Pictures are not part of the copy; reproduce the remaining data exactly.

(SUPPLIED MATERIAL begins)

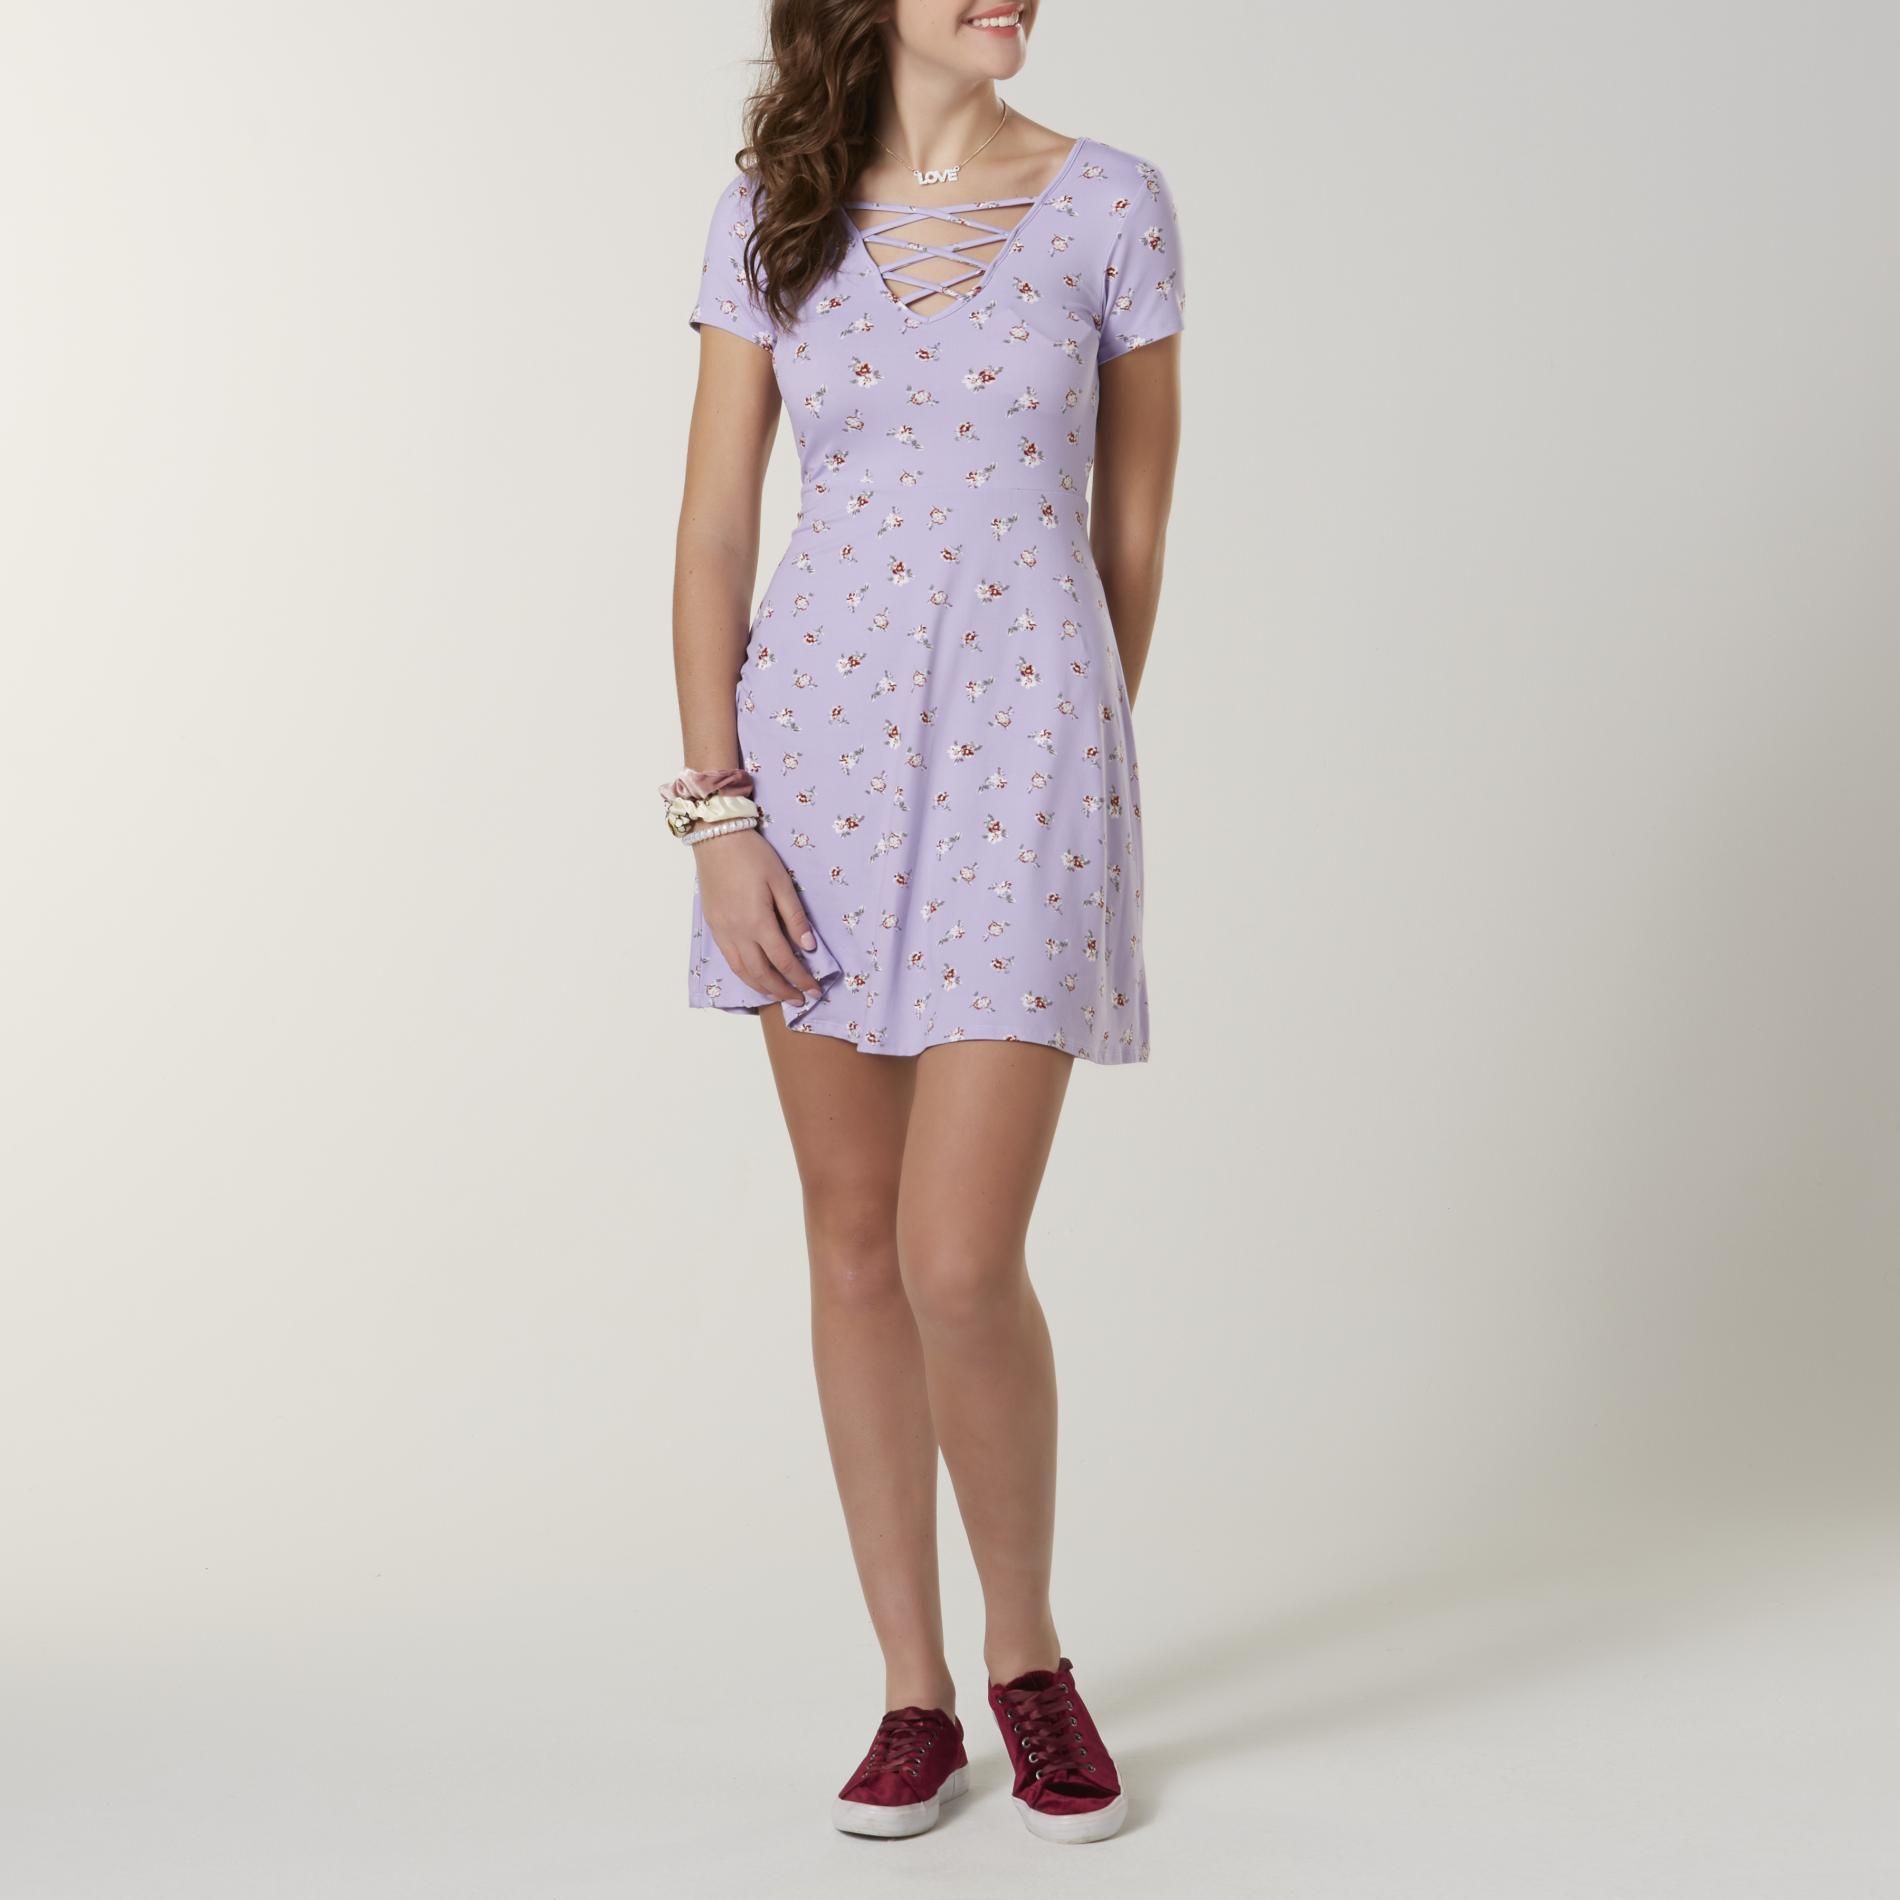 Joe Boxer Juniors' Skater Dress - Floral, Size: Small, Pastel Purple
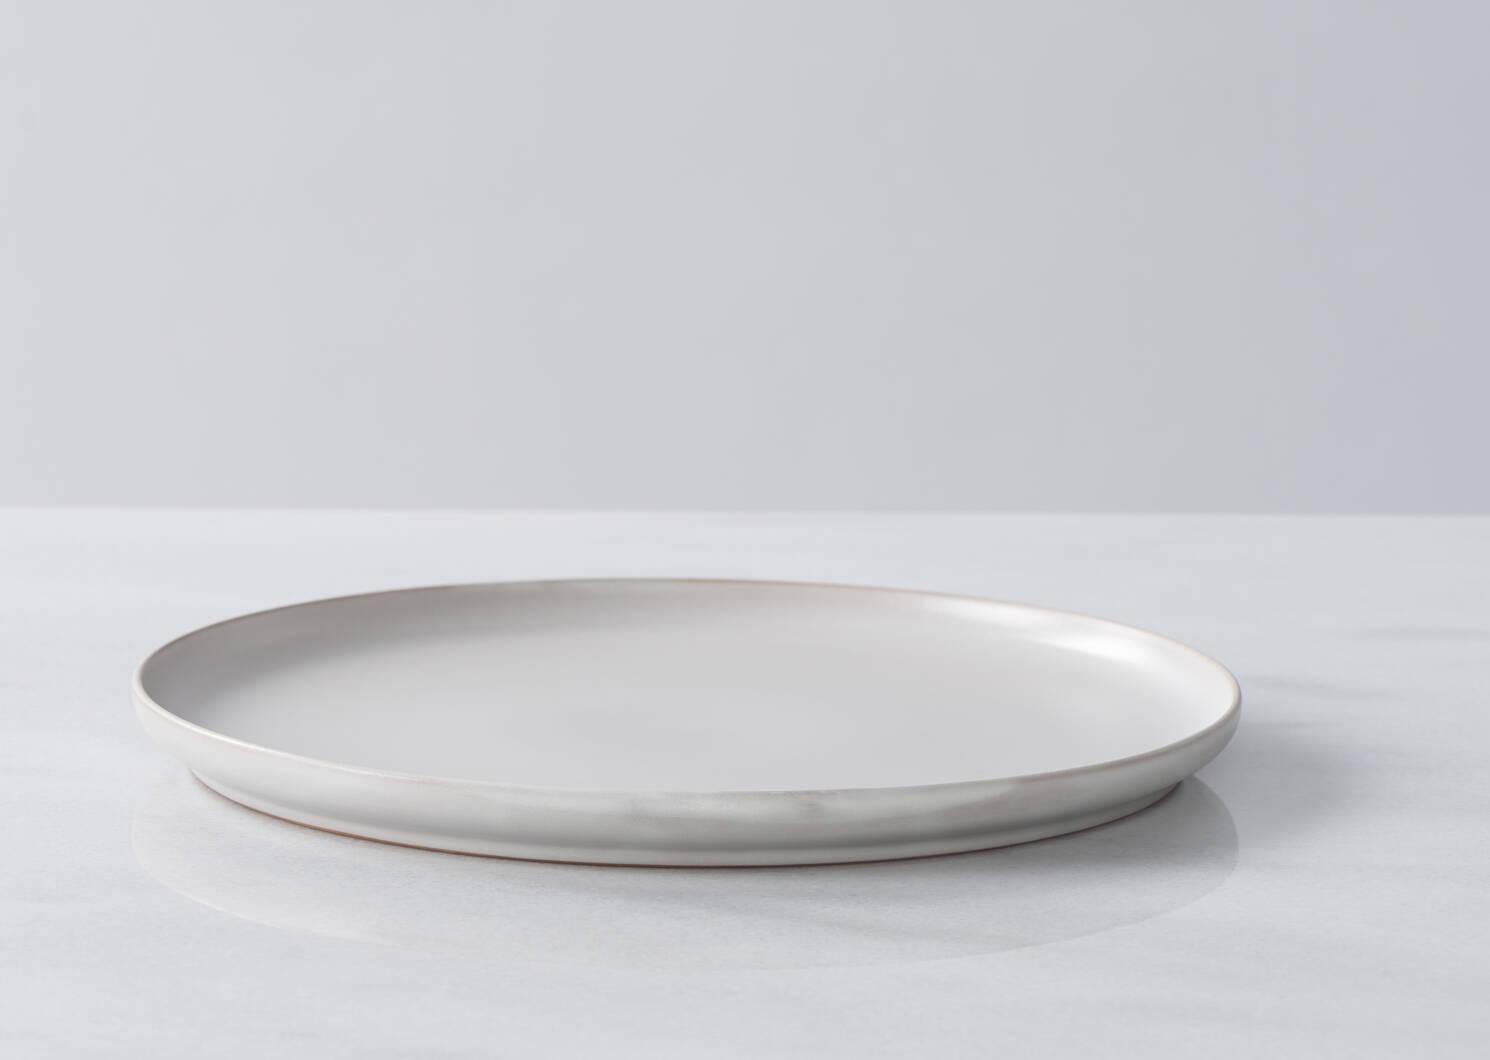 Mayne 16 pc Dish Set Light Grey
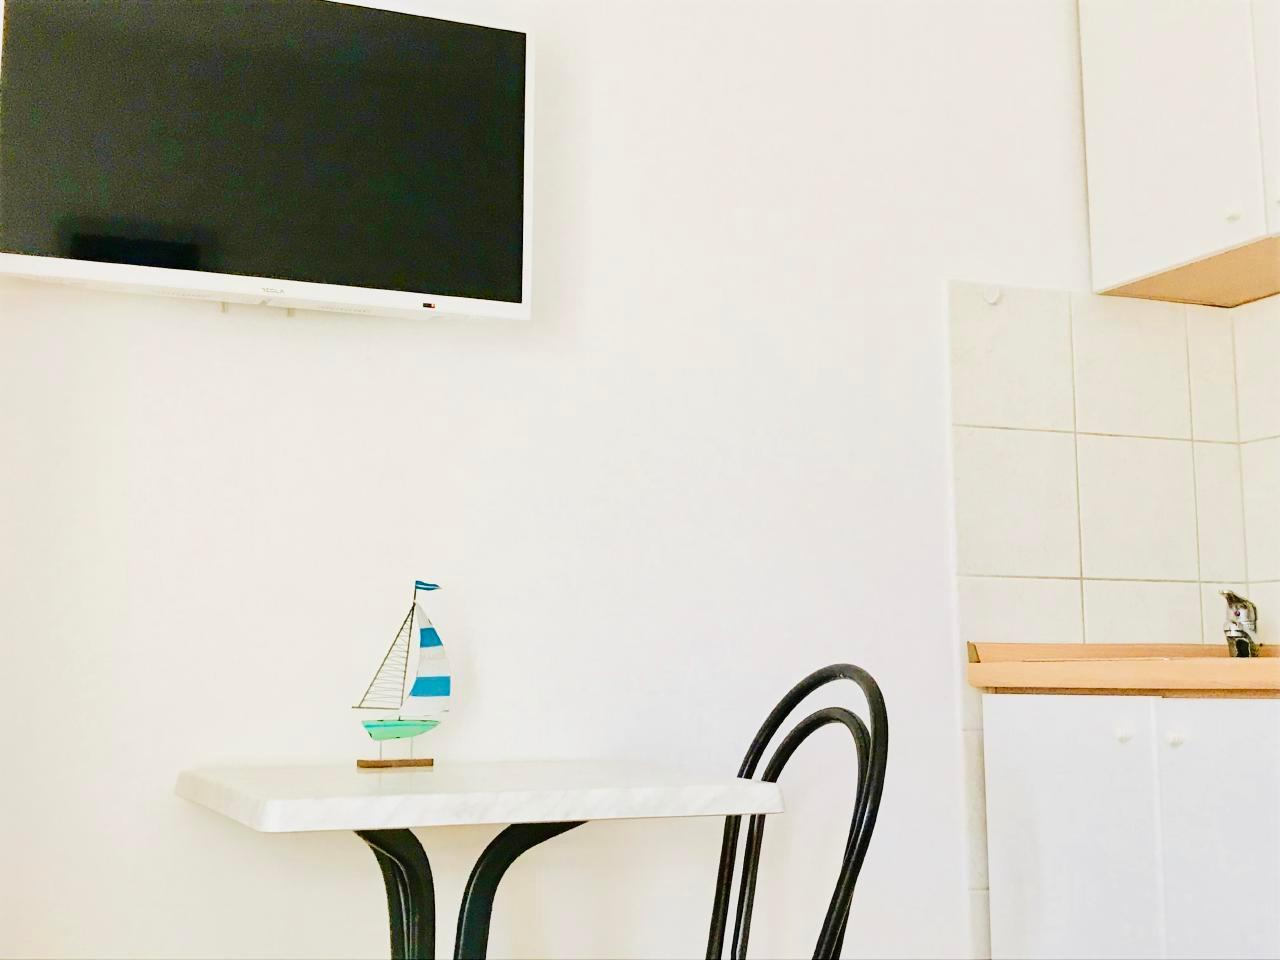 Ferienwohnung Apartmenthaus Ruza 4 - Studio (98392), Kaštel Štafilić, , Dalmatien, Kroatien, Bild 19

(SUPPLIED MATERIAL ends)

**SOLUTION TO THE PROBLEM**:
 Joe Boxer Juniors' Skater Dress - Floral, Size: Small, Pastel Purple
 Mayne 16 pc Dish Set Light Grey
 Ferienwohnung Apartmenthaus Ruza 4 - Studio (98392), Kaštel Štafilić, , Dalmatien, Kroatien, Bild 19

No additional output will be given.